BOLTON has failed in its bid to become a city.

Chelmsford in Essex, Perth in Scotland, and St Asaph in Wales, have all been given city status to mark the Queen’s Diamond Jubilee.

Bolton had faced competition from Stockport, Reading, St Austell in Cornwall and Medway in Kent, among others.

The council’s official city bid document was sent to Deputy Prime Minister Nick Clegg last May.

Bolton Council leader Cllr Cliff Morris said: “We put in a bid for the official recognition, which we believe Bolton rightly deserved, so we are naturally disappointed not to have been selected.

“However, the process has given us the opportunity to promote all that is good about Bolton.

“We would like to thank everyone for their support and belief in Bolton.”

The council’s director of development and regeneration Keith Davies said the council’s bid document has been used to bring investment to Bolton.

Just one award had been expected, but the Queen honour ed towns in England, Scotland, Wales and Northern Ireland in her Diamond Jubilee year.

The awards were made on the advice of Deputy Prime Minister Nick Clegg, following a competition launched in December 2010. Bolton DJ Mark Radcliffe said: “I don’t personally care whether Bolton is a city. Clearly the great cities of the UK are wonderful places, but there are also some really grim locations that have had city status bestowed upon them. Bolton is, in many ways, the classic northern town and should remain rightly proud of that.”

Mark Head, a partner with Bradshaw, Gass and Hope architects, engineers and surveyors in Silverwell Street, said: “We have some wonderful heritage and infrastructure already.

Let’s make it a place to be proud of again.”

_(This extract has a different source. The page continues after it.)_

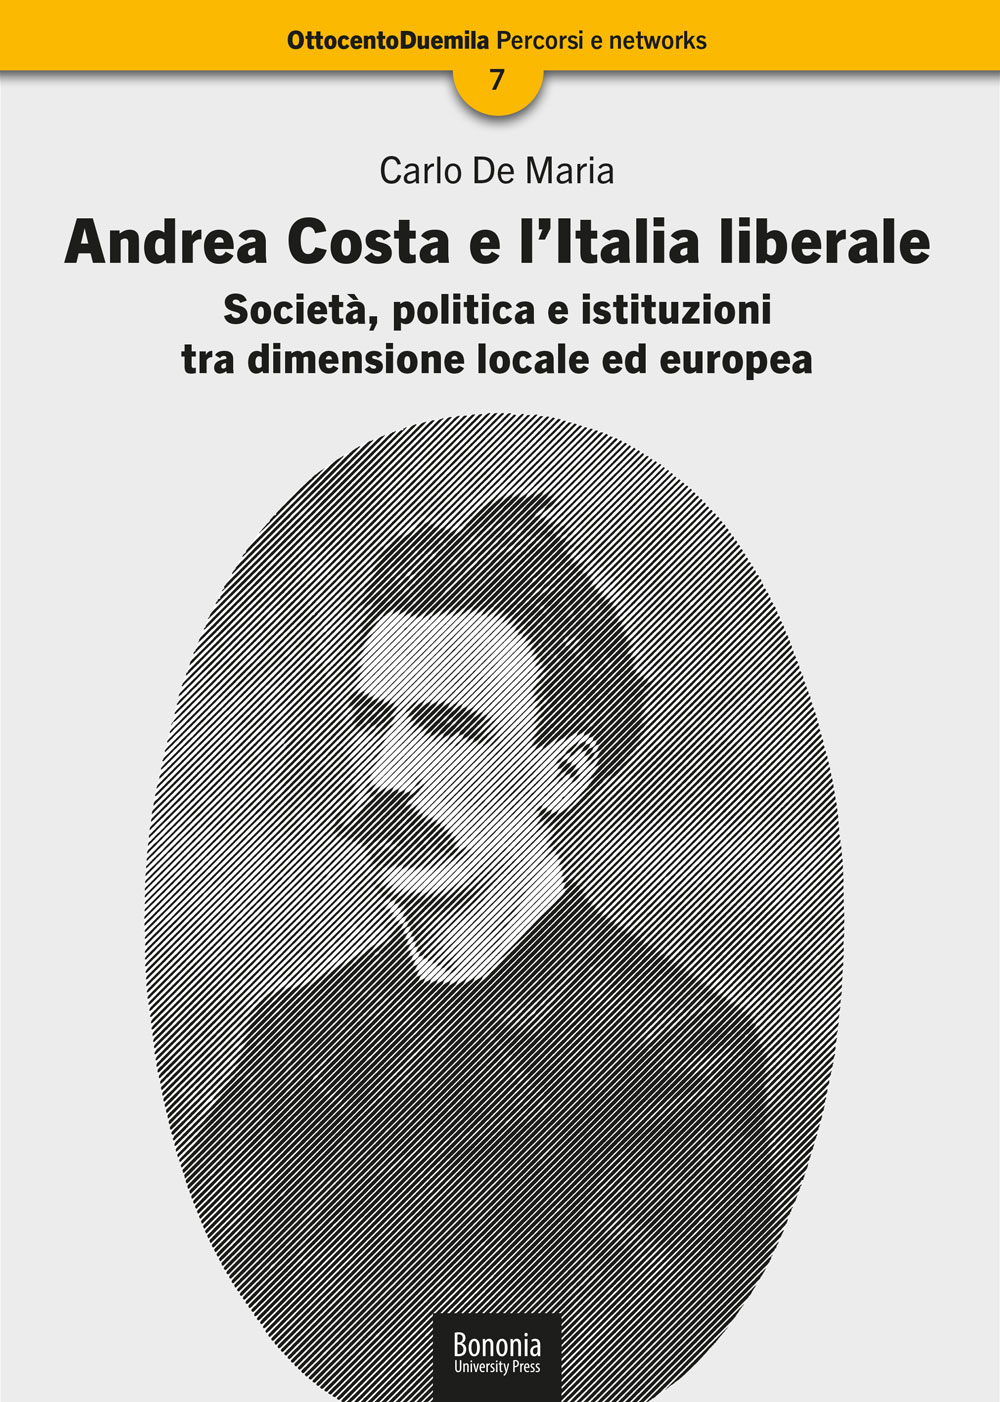 Andrea Costa e l’Italia liberale - Bologna University Press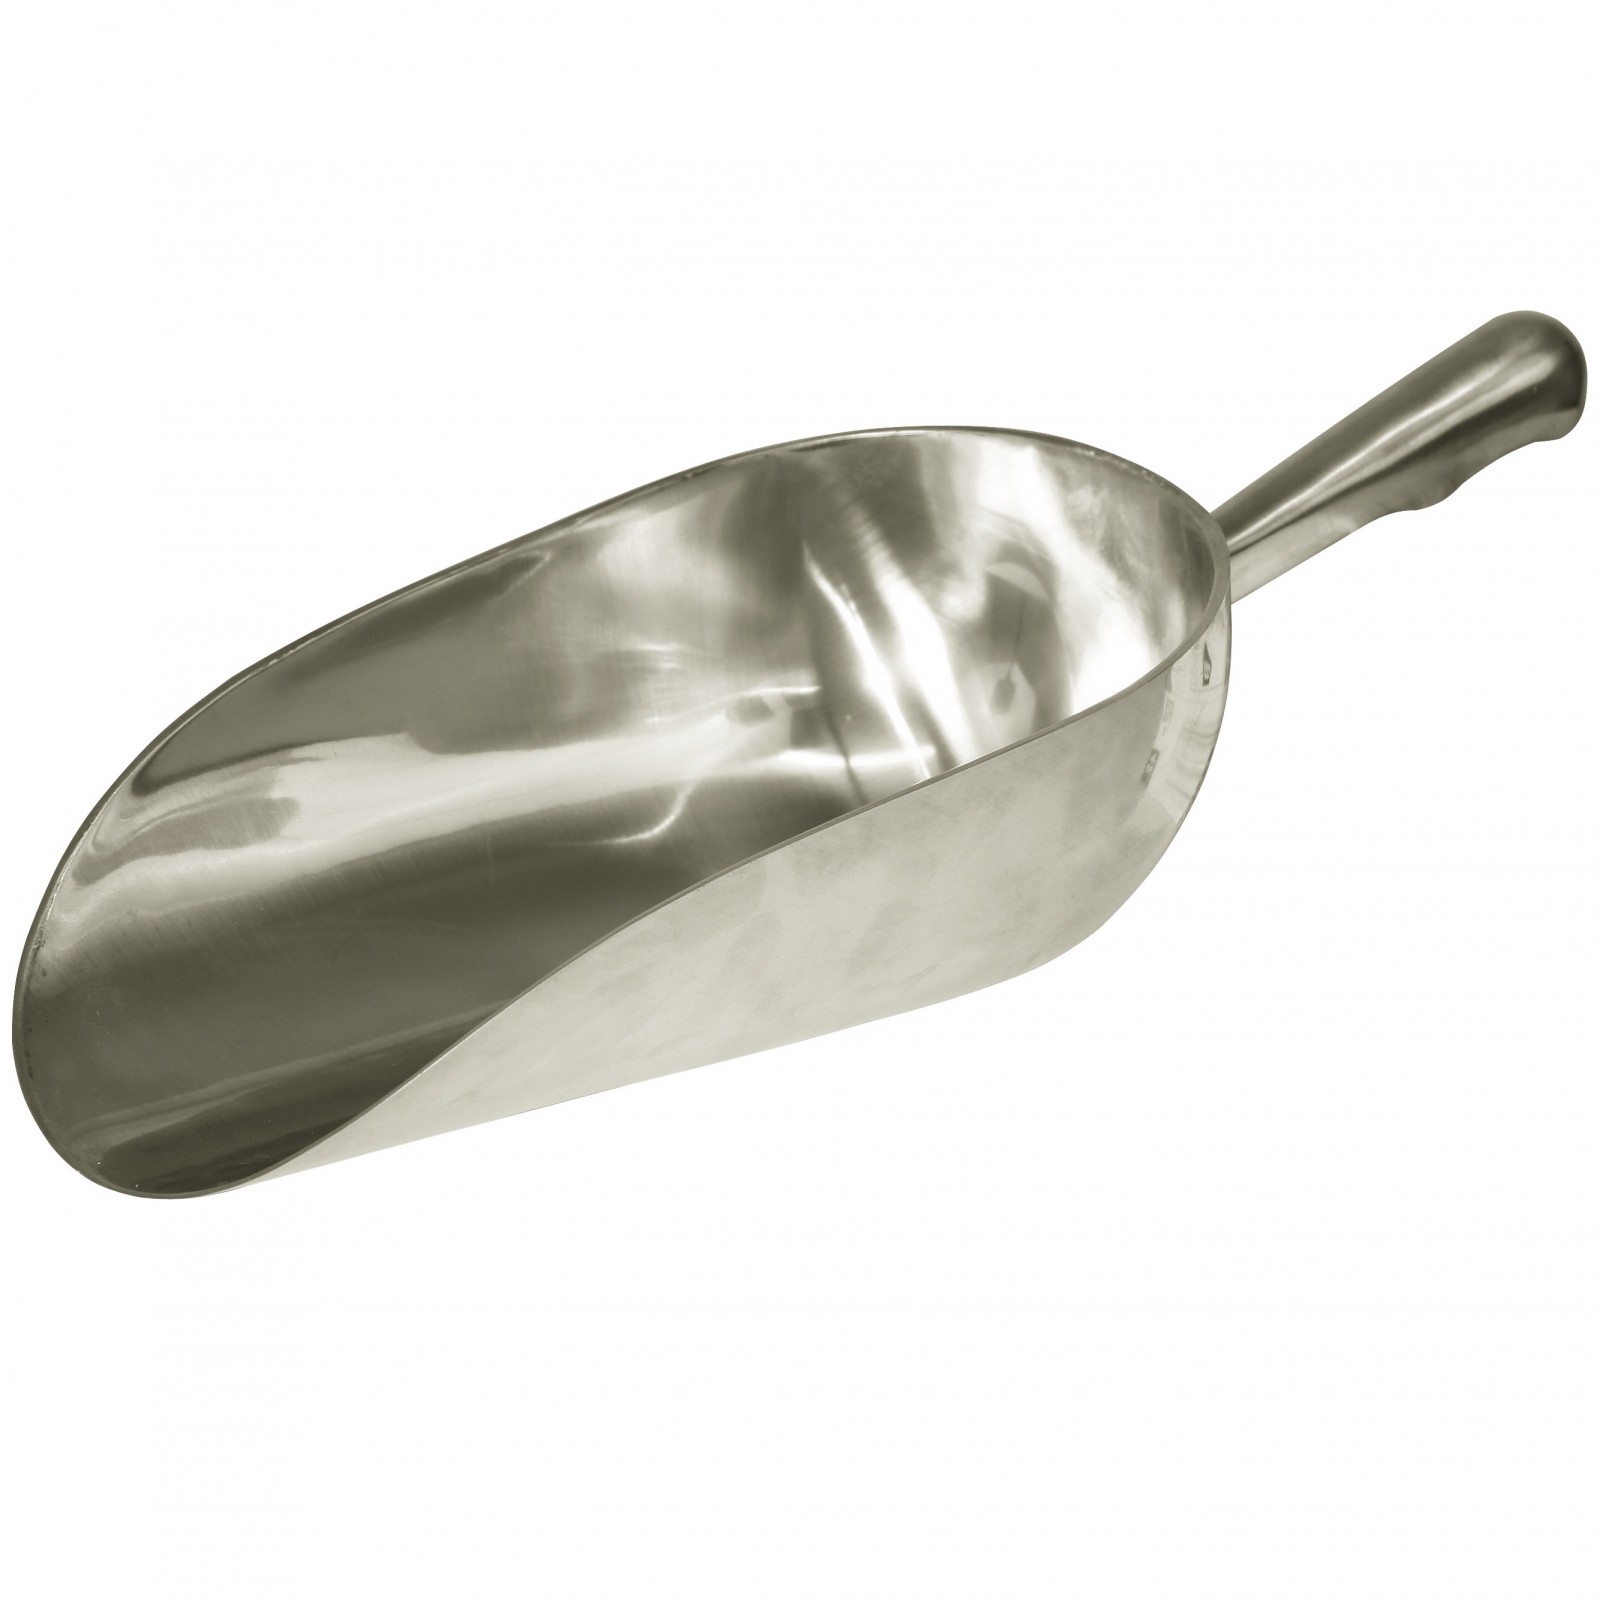 Feed scoop aluminium round

Mark Worsley, a partner with CLB Coopers accountants in Chorley New Road, said: “I was disappointed to hear Bolton has not achieved city status.

The town has a multicultural population of over 250,000 with top level sporting venues and a fantastic university.

John Blackmore, executive director of the Octagon Theatre, said: “I am greatly disappointed that Bolton has missed out. In my 12 years I have seen Bolton burgeoning into an important regional city with first class amenities, a flourishing university and in the Octagon Theatre a major cultural centre with a national recognition.”

In a letter from the Cabinet Office, officials praised the bid, adding that they were particularly impressed by the fact Bolton was a “welcoming, family place”

with a “clear strategy for development”.